- Venue: Sydney International Regatta Centre
- Date: 17–23 September 2000
- Competitors: 52 from 13 nations
- Winning time: 5:56.24

Medalists
- 1st place, gold medalist(s):  / James Cracknell Steve Redgrave Tim Foster Matthew Pinsent / Great Britain
- 2nd place, silver medalist(s):  / Valter Molea Riccardo Dei Rossi Lorenzo Carboncini Carlo Mornati / Italy
- 3rd place, bronze medalist(s):  / James Stewart Ben Dodwell Geoff Stewart Bo Hanson / Australia

= Rowing at the 2000 Summer Olympics – Men's coxless four =

The men's coxless four competition at the 2000 Summer Olympics in Sydney, Australia took place at the Sydney International Regatta Centre.

==Competition format==
This rowing event is a sweep rowing event, meaning that each rower has one oar and rows on only one side.
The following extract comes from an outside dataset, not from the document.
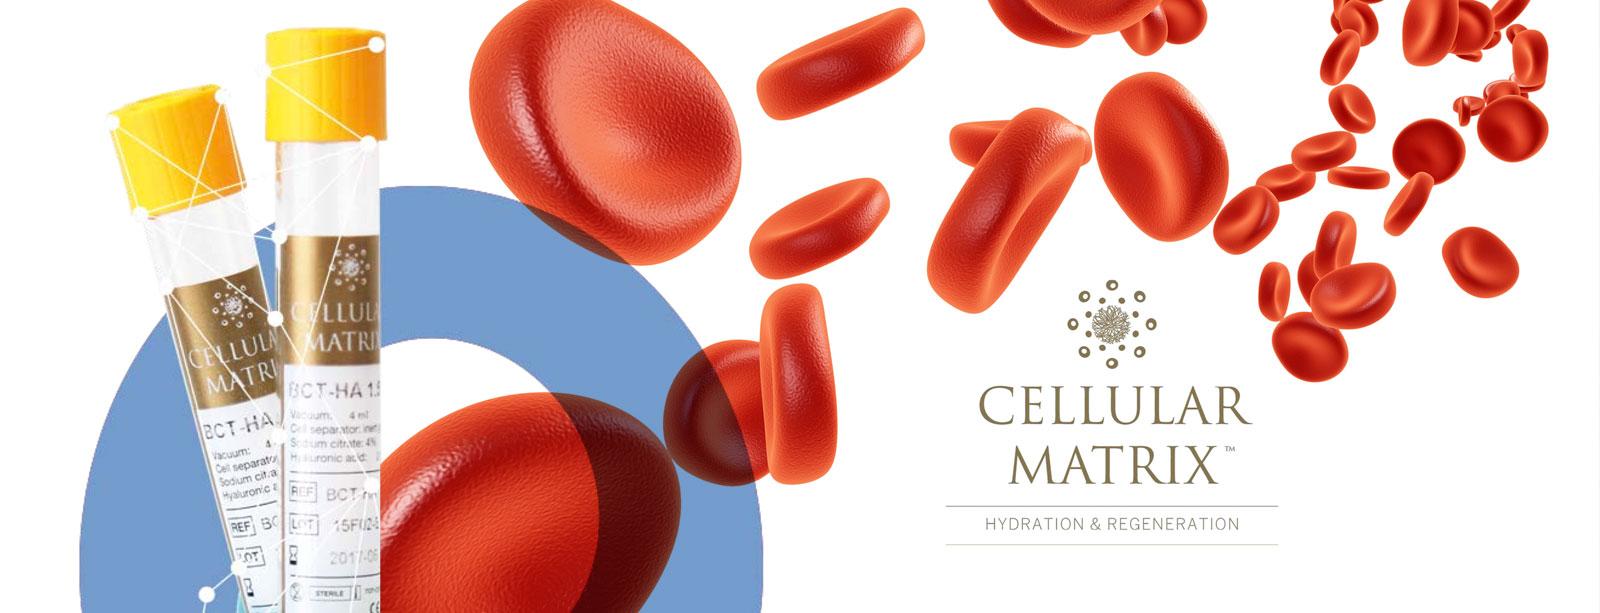 cellularMatrix.jpg

Four rowers crew each boat, and no coxswain is used. The competition consists of multiple rounds. Finals were held to determine the placing of each boat; these finals were given letters with those nearer to the beginning of the alphabet meaning a better ranking. Semifinals were named based on which finals they fed, with each semifinal having two possible finals.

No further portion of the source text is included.